We’re talking to Brandon Weichert, all issues foreign policy. I want to come back on the China thing, particularly what our leverage can be with China given the debt situation, and in fact what you said also being true that they are starting to sell off some of our debt. And I want to come back to some other places too that we haven’t talked about. You think about all that has been left on this administration’s lap from the previous administration, it’s a lot. We’ll be right back with Brandon J. Weichert. I’m Seth Leibsohn. You have a question, he’s happy to take those too.
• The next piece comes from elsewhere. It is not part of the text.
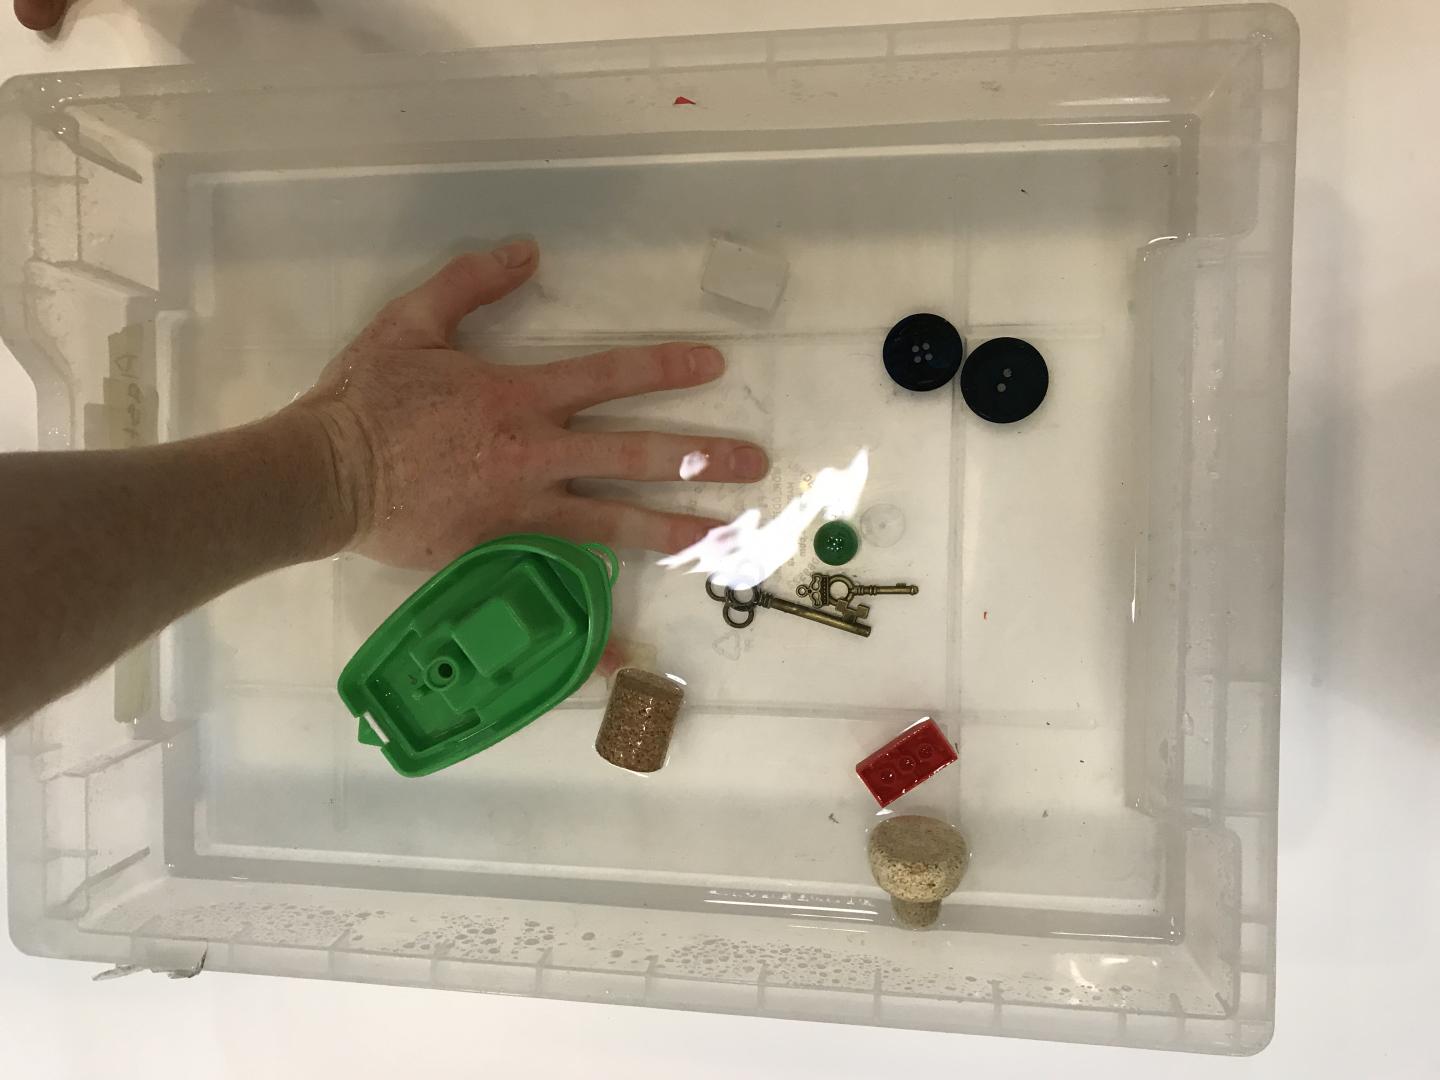 Someone is plunging their hand into a tray of water. Also in the water are a toy boat, some corks and keys, and other miscellaneous objects. 
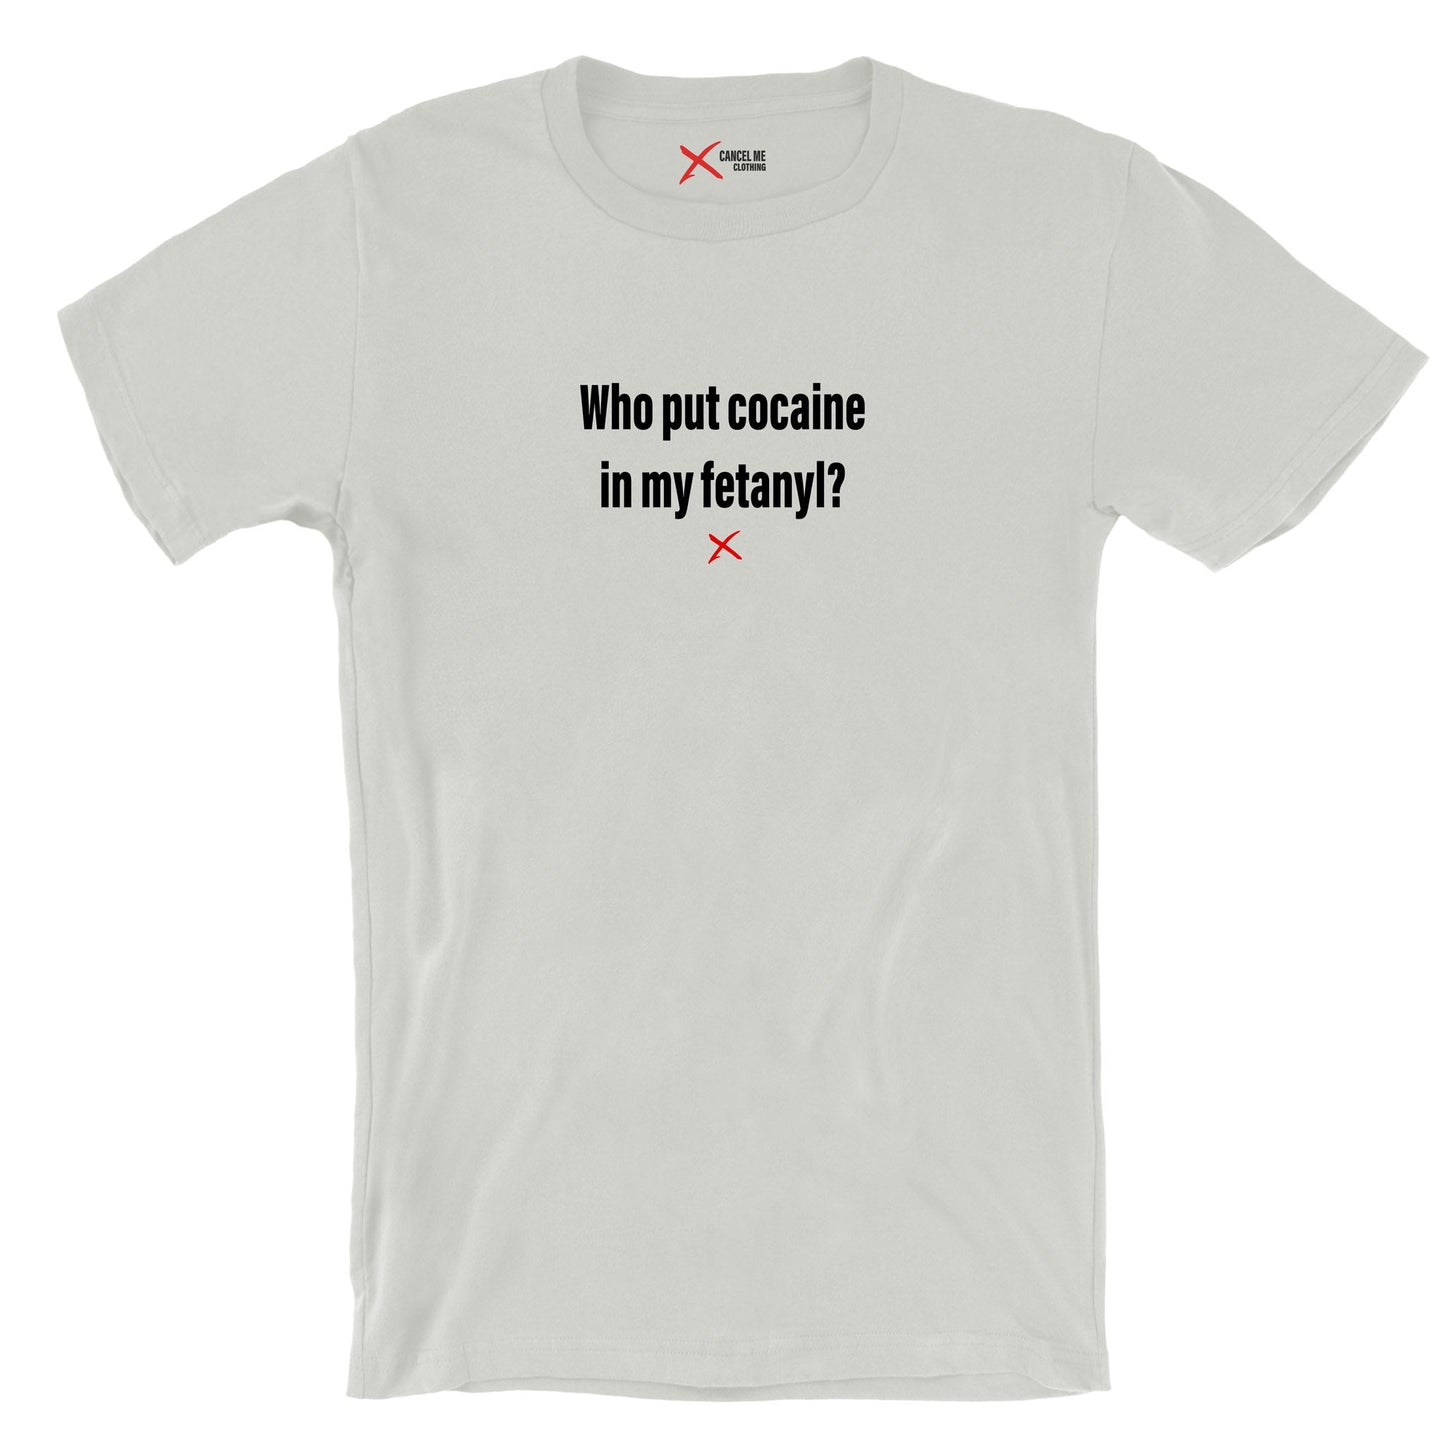 Who put cocaine in my fetanyl? - Shirt

Welcome back to the Seth and Chris Show. I am Seth Leibsohn. We are delighted to be joined by foreign policy guru Brandon J. Weichert, contributing editor, America Greatness, editor and publisher The Weichert Report, and a man of parts.

While we’re doing foreign policy, I kind of stepped into some trouble, I think, in the last hour, Brandon, by proclaiming and declaiming on pop music and rock music. I think I might have said something not as good about the Beatles than someone wanted me to. You being a man of parts, you’re willing to entertain calls on music as well as foreign policy, are you not?

Brandon Weichert:  Certainly, certainly.

Seth Leibsohn:    Okay, in that case, we must go to Bob in Phoenix who wanted to weigh in on the Beatles. Bob, you’re on the show with Seth and Brandon.

Brandon Weichert:   Hi Bob.

Bob:   Hi. How you guys doing? Seth, I’m going to do a prelude to this long list I have for you.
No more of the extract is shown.